Многое у Карлейля относится уже к другой эпохе, но всегда он воспринимался как романтик, для которого характерны неприятие рационализма и критика буржуазности. «Томасу Карлейлю принадлежит та заслуга, что он выступил в литературе против буржуазии в то время, когда ее представления, вкусы и идеи полностью подчинили себе всю официальную английскую литературу; причем выступления его носили иногда даже революционный характер. Это относится к его истории Французской революции, к его апологии Кромвеля, к брошюре о чартизме, к «Прошлому и настоящему». Но во всех этих произведениях критика современности тесно связана с на редкость антиисторическим апофеозом средневековья, встречающимся, впрочем, часто и у английских революционеров, например у Коббета, и у некоторой части чартистов» (Маркс К., Энгельс Ф. Соч. 2-е изд. Т. 7. С. 268). Карлейль показал бесчеловечную, отчуждающую тенденцию буржуазного преуспеяния. Он первый столь подробно и выразительно описал диалектику приобретений и утрат в ходе исторического прогресса. Некоторые строки из «Прошлого и настоящего» Маркс и Энгельс использовали как яркую характеристику собственнического — обедняющего — богатства. Положение Карлейля о том, что в мире чистогана продается все, вошло в «Манифест Коммунистической партии». Карлейль оказал воздействие на Джона Стюарта Милля и на Герцена, на Диккенса и на Толстого, на Лонгфелло и на Уитмена, который дал объективную оценку Карлейля, пророчески указав, однако, что людям будущего уже трудно будет понять значение этого человека для современников. Действительно, из тридцати томов, оставленных Карлейлем, мало что существует сегодня в реальном обращении. Остались антологические отрывки и антибуржуазный пафос мысли, заставившей многих задуматься над ценой преуспеяния.
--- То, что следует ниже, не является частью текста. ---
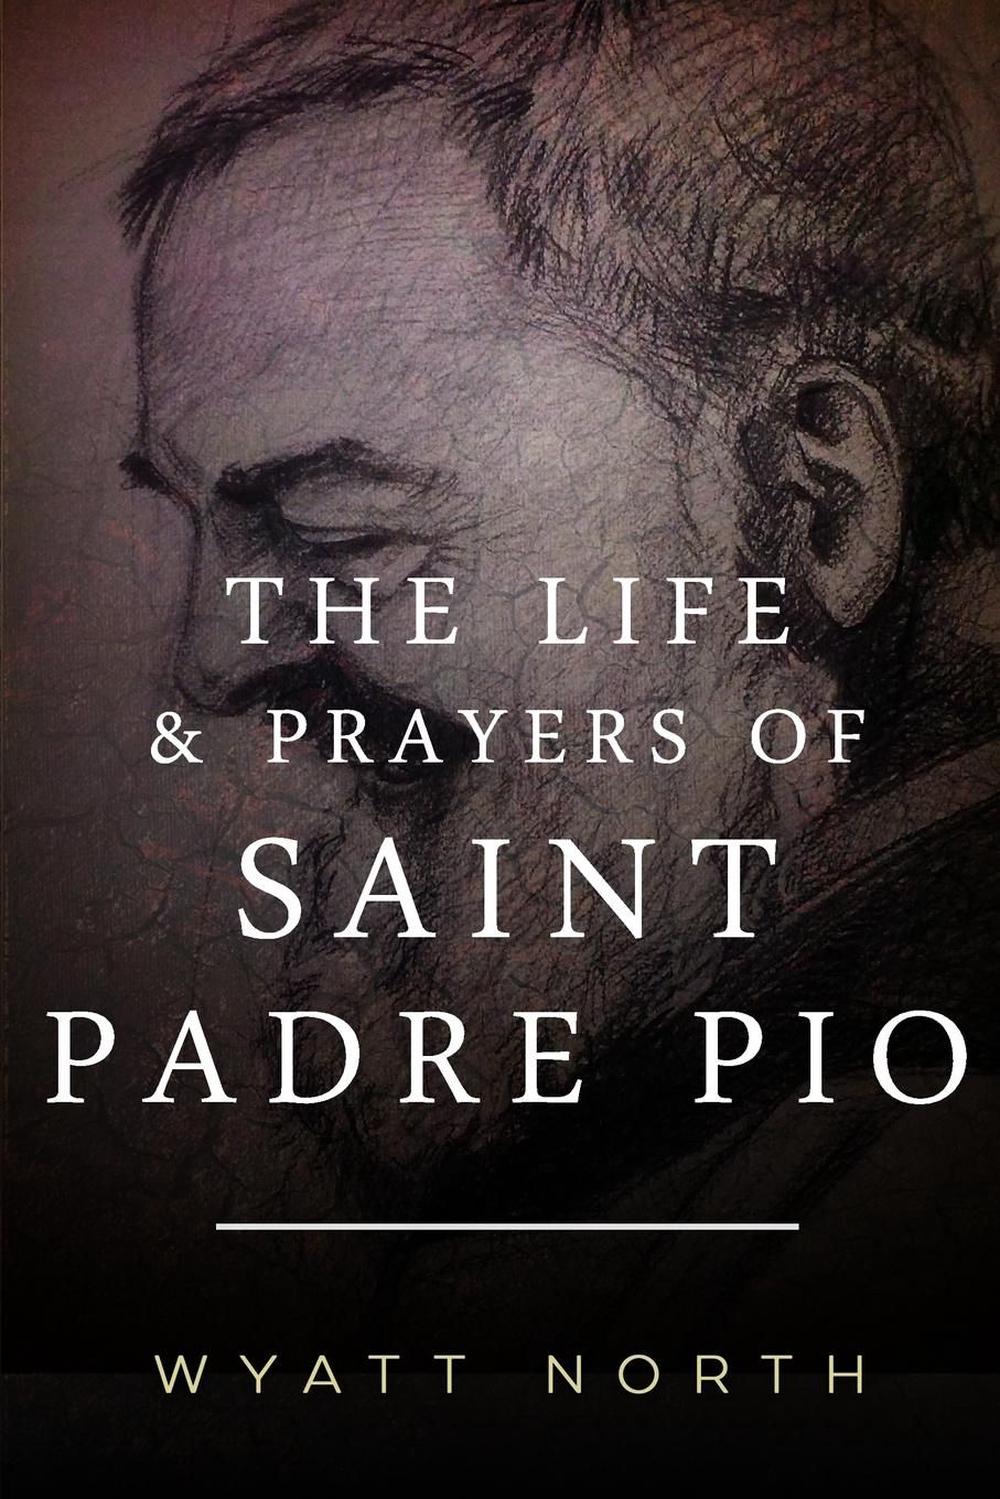 The Life and Prayers of Saint Padre Pio by Wyatt North (English) Paperback Book  - Photo 1/1

В то же время, когда от реакционности историко-философской Карлейль переходил к реакционности чисто политической, «в обыденном значении слова», как назвал это Ленин, характеризуя «экономический романтизм», Маркс и Энгельс выступали с его резкой критикой. «Карлейль жалуется на суетность и пустоту века, на внутреннюю гнилостность всех социальных установлений. Жалоба эта справедлива, но одними жалобами ничего не сделаешь; чтобы избавиться от зла, надо отыскать его причину» — эти слова Энгельса из статьи о Карлейле (Маркс К., Энгельс Ф. Соч. 2-е изд. Т. 1. С. 590) были знамением наступающего нового времени и вместе с ним нового — историко-диалектического — понимания судеб человечества, понимания, в развитие которого английские романтики внесли, однако, существенный вклад в меру своих сил.